RECORDS SHOWN:
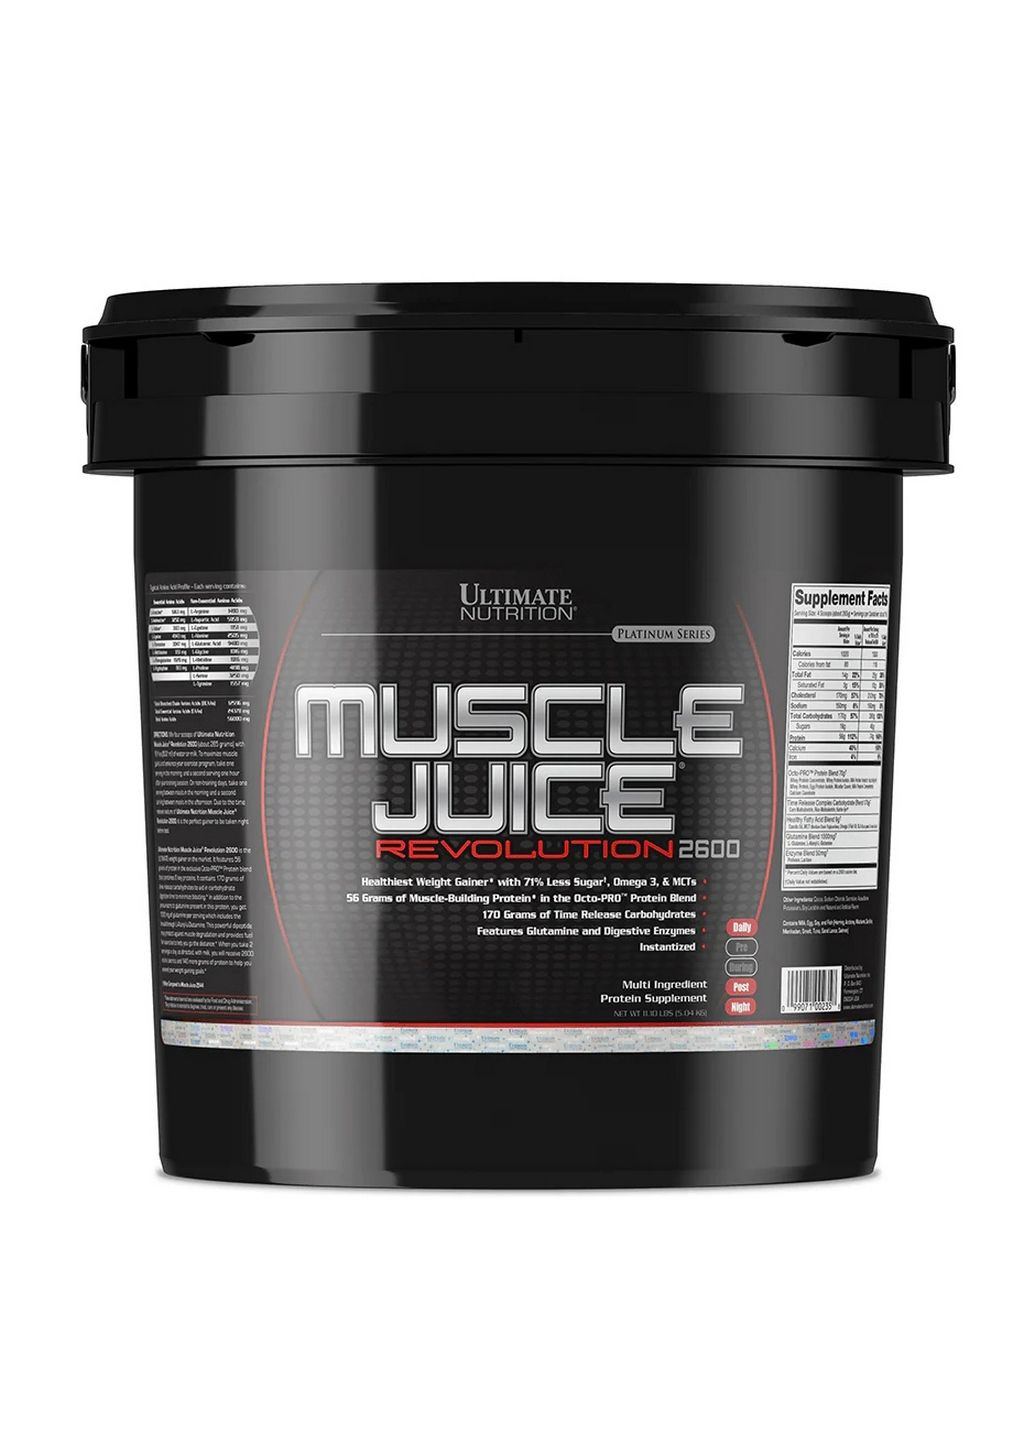 Гейнер Ultimate Muscle Juice Revolution 2600, 5 кг Ваниль Ultimate Nutrition (293420800)
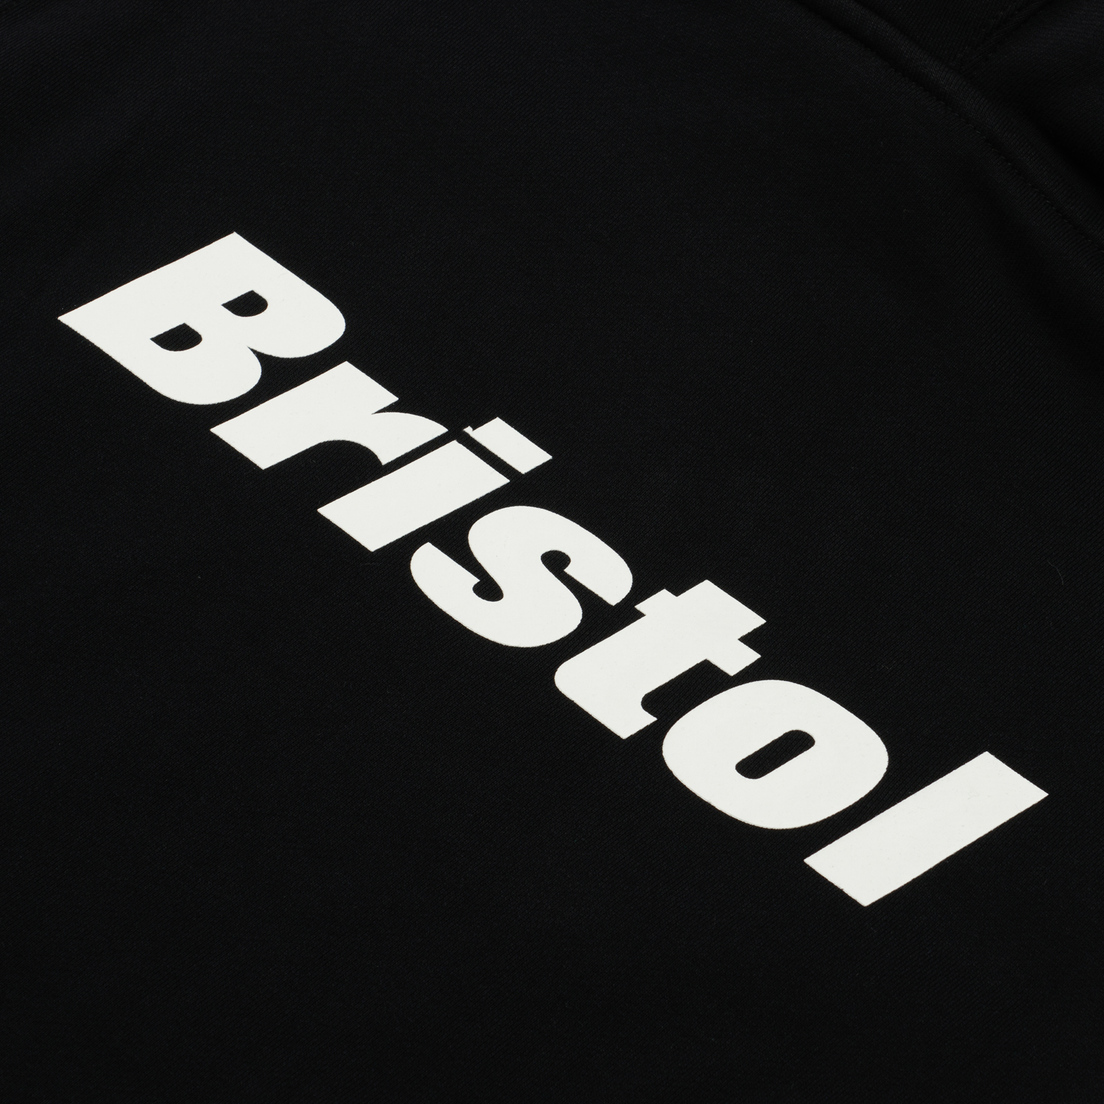 F.C. Real Bristol
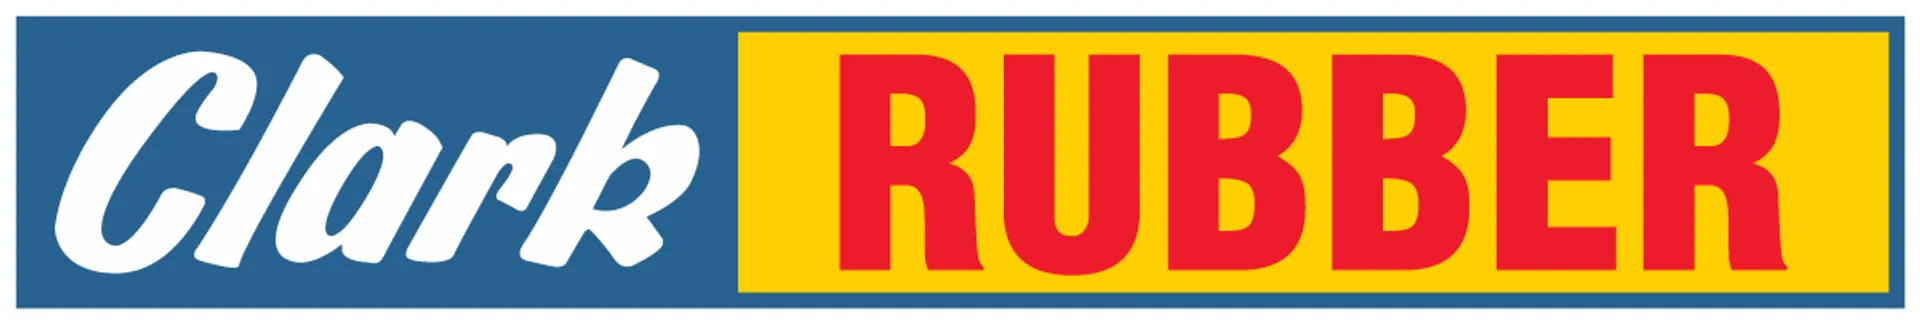 CLARK RUBBER logo of current catalogue
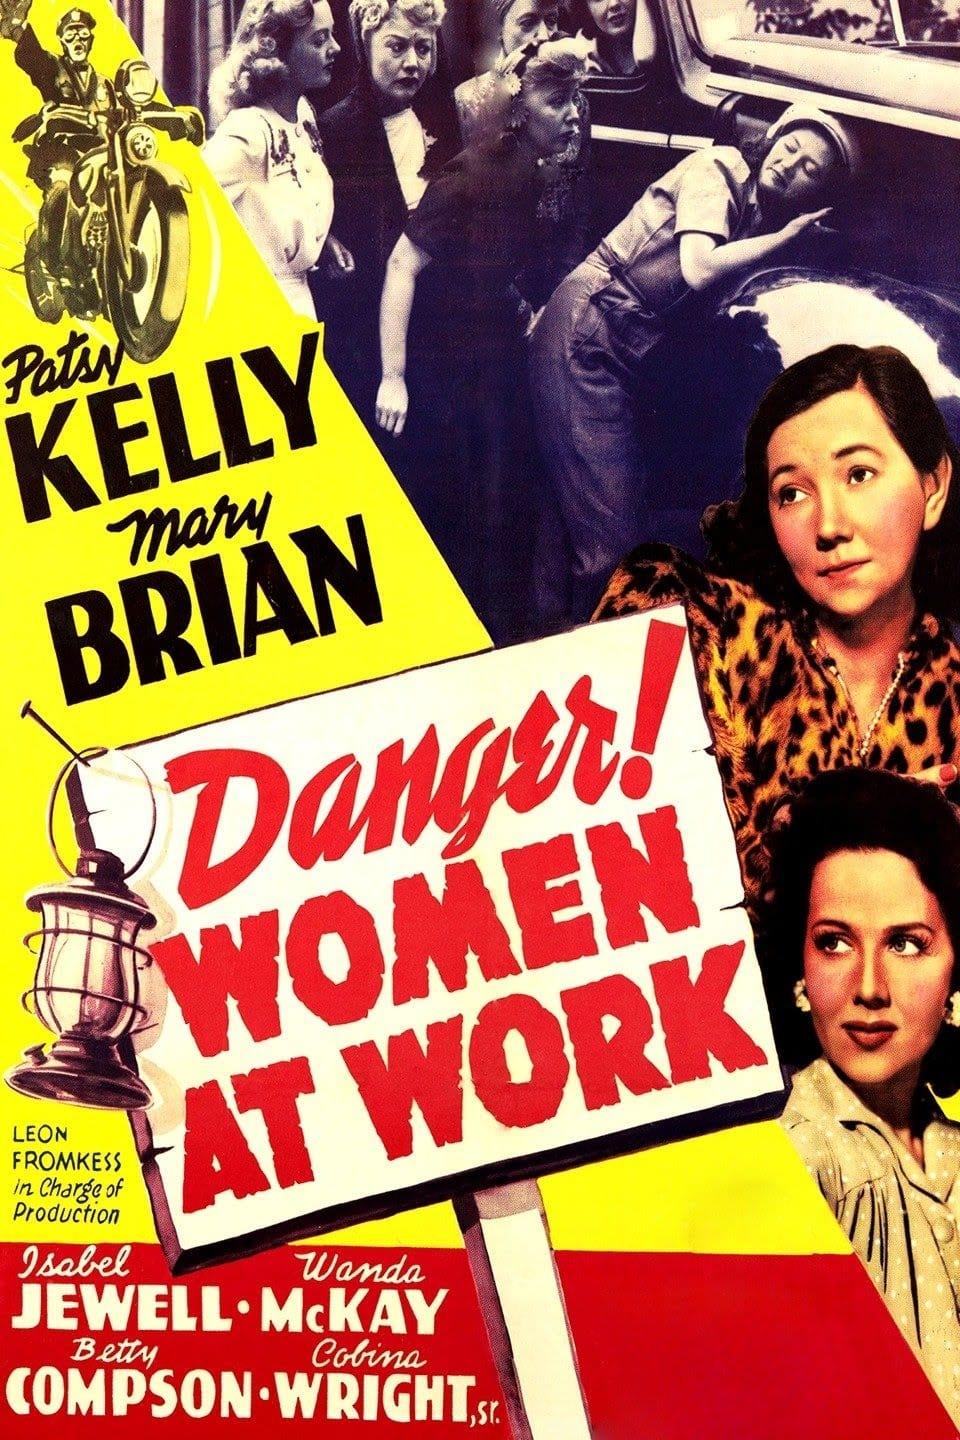 Danger! Women at Work poster
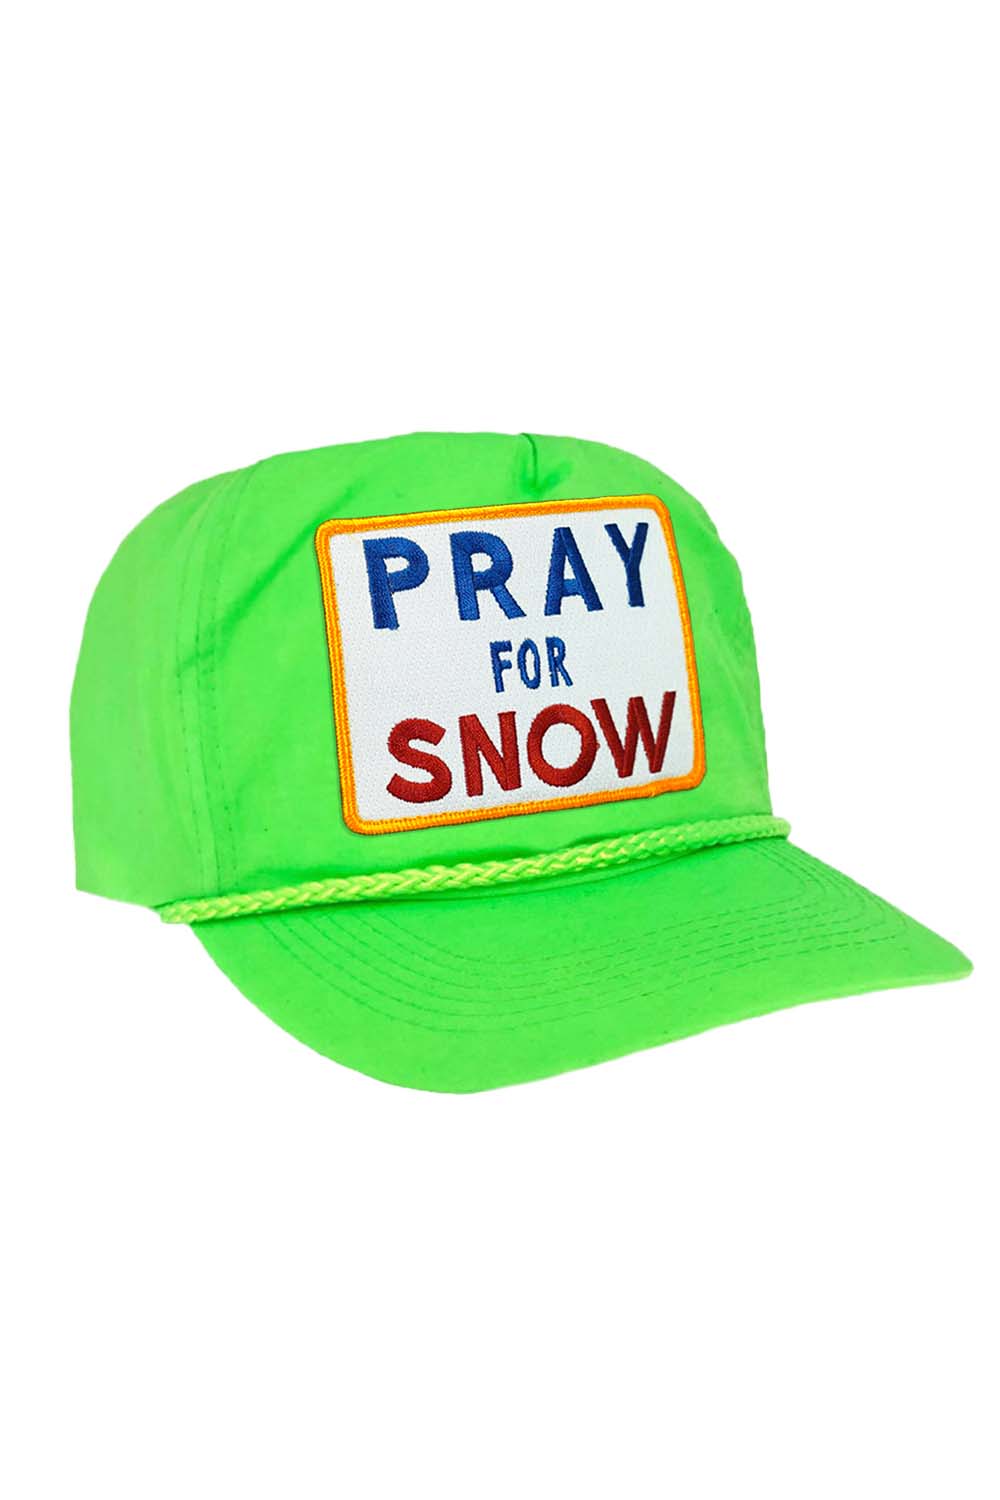 PRAY FOR SNOW - VINTAGE NYLON TRUCKER HAT HATS Aviator Nation NEON PINK

WHAT TO DO:
Go through the listing above and retype it exactly, skipping every picture.

RESPONSE TO THIS TASK:
 Гейнер Ultimate Muscle Juice Revolution 2600, 5 кг Ваниль Ultimate Nutrition (293420800)
 F.C. Real Bristol
 CLARK RUBBER logo of current catalogue
 Danger! Women at Work poster
 PRAY FOR SNOW - VINTAGE NYLON TRUCKER HAT HATS Aviator Nation NEON PINK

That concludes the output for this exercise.